The reasoning behind the decision not to appeal the lower court decision wasn’t being publicly discussed by either the FCC or the SG’s office. An FCC official said the decision was ultimately up to the Acting SG, though the FCC did have input. The content of that input wasn’t disclosed. The SG’s office had sought several extensions of the deadline for joining the appeal (CD Dec 22 p8). The latest deadline was Jan. 31.
Media groups, including the NAB, filed the initial appeal of the U.S. Appeals Court, Philadelphia, decision overturning the latest FCC media ownership rules (CD June 25 p1) in Prometheus Radio Project vs. the FCC. The rules would have allowed a single company to own up to 3 TV stations, 8 radio stations and one newspaper per market. In a 218-page decision, the court remanded the June 2003 FCC decision, saying the Commission should fix flaws in its diversity index, which was used to set the cross- ownership rules.
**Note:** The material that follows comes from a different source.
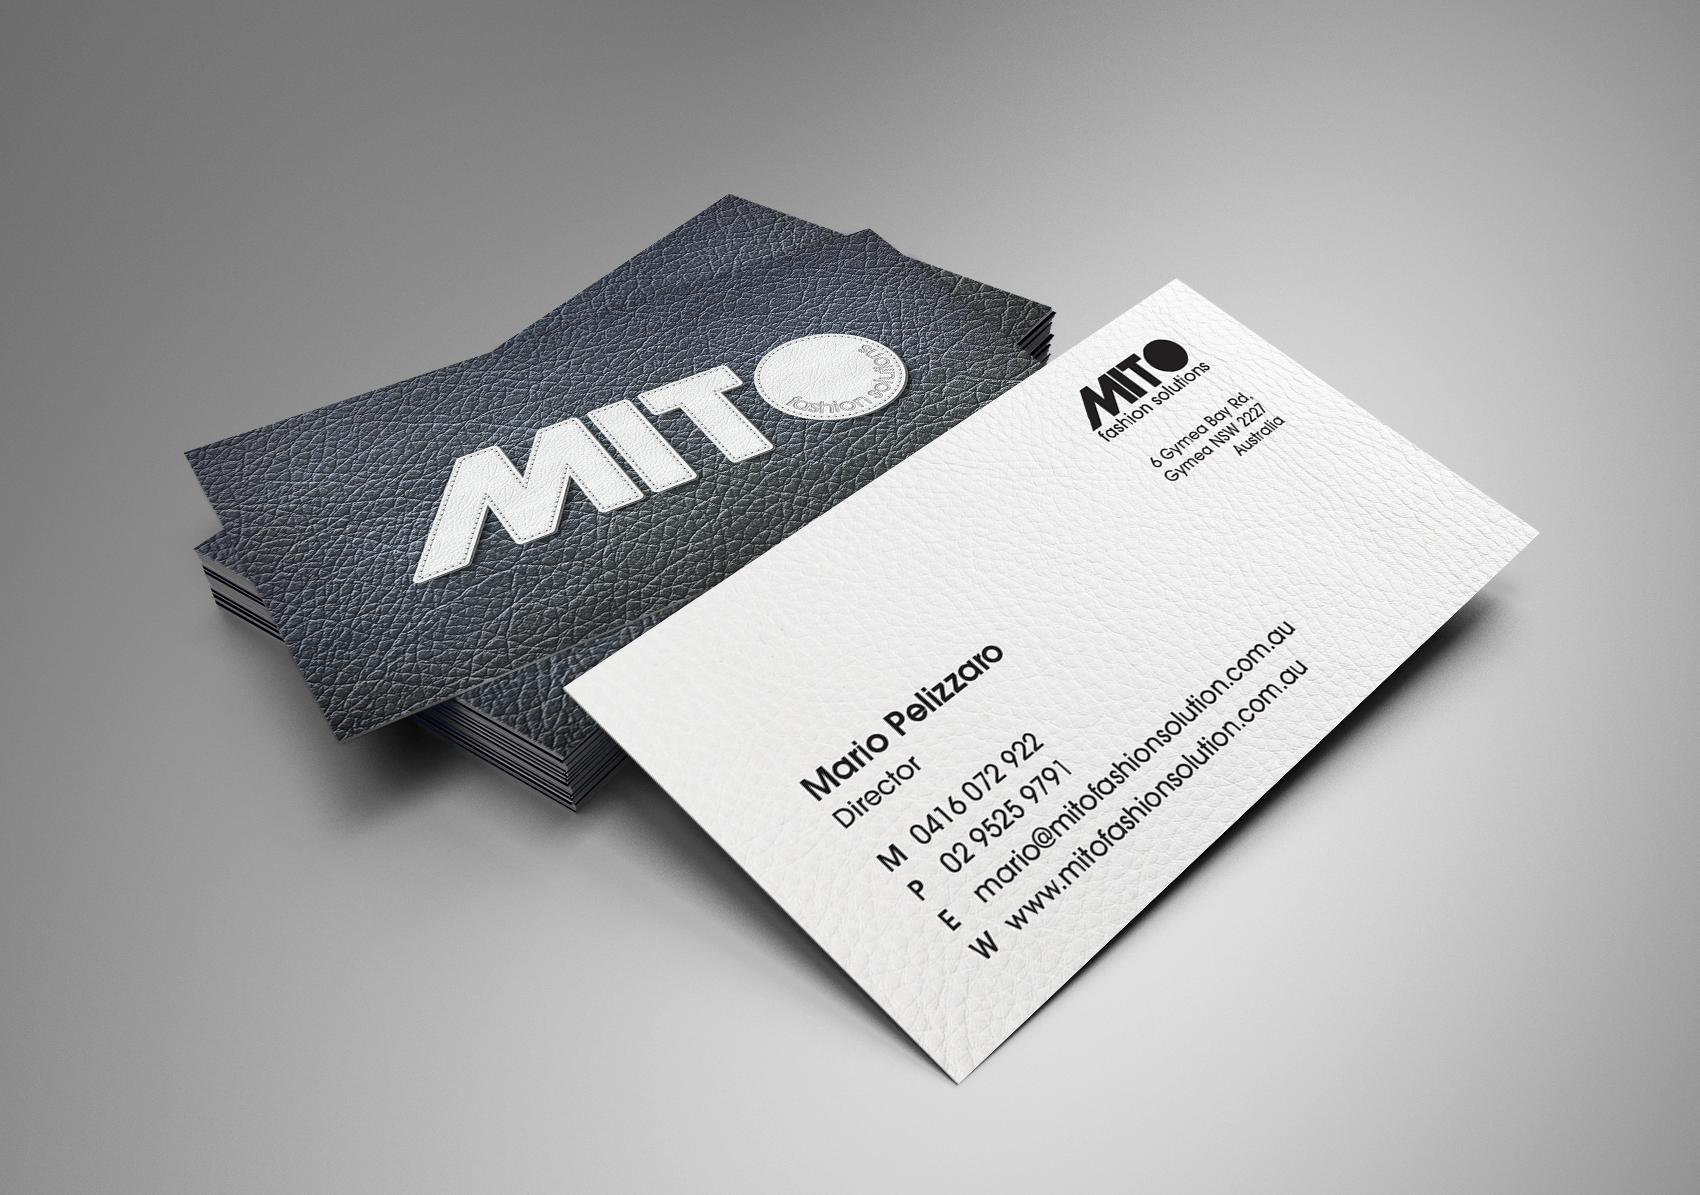 Mito fashion solution business cards kooka creative colourmoves

Tribune Co., for example, had said the Supreme Court should take the opportunity to review the entire spectrum scarcity argument, which is the basis for much FCC media regulation (CD Aug 23 p9). It also said the First Amendment prohibits limits on broadcasters’ speech.
The decision “is a huge win for the public,” Common Cause said in a statement: “The FCC now has a chance to do what it failed to do before: Involve the public in a meaningful way as it reconsiders these ownership rules.” Media Access Project Pres. Andrew Schwartzman called the SG decision “one more indication that the broad and bipartisan public opposition to media concentration has become too powerful to be ignored.” Broadcasters had actively lobbied the Administration to participate in the appeal, Schwartzman said, “but now, after more than 2 million American citizens made their views known, the Administration was able to stand up to big media.”
The SG decision “is not a cause for celebration. It is a call to arms,” said Josh Silver, exec. dir. of Free Press: “The FCC is still dominated by industry pawns. We cannot expect this FCC to act in the public interest without listening to the public… We fully expect industry lobbyists and their allies at the FCC to attempt to sneak the same policies in through the back door.”
“We're disappointed… the solicitor general will not be seeking Supreme Court review of media ownership rules,” the NAB said: “We continue to believe the Supreme Court needs to clarify lower court decisions related to media ownership, and NAB will be seeking that review on Monday, Jan. 31.”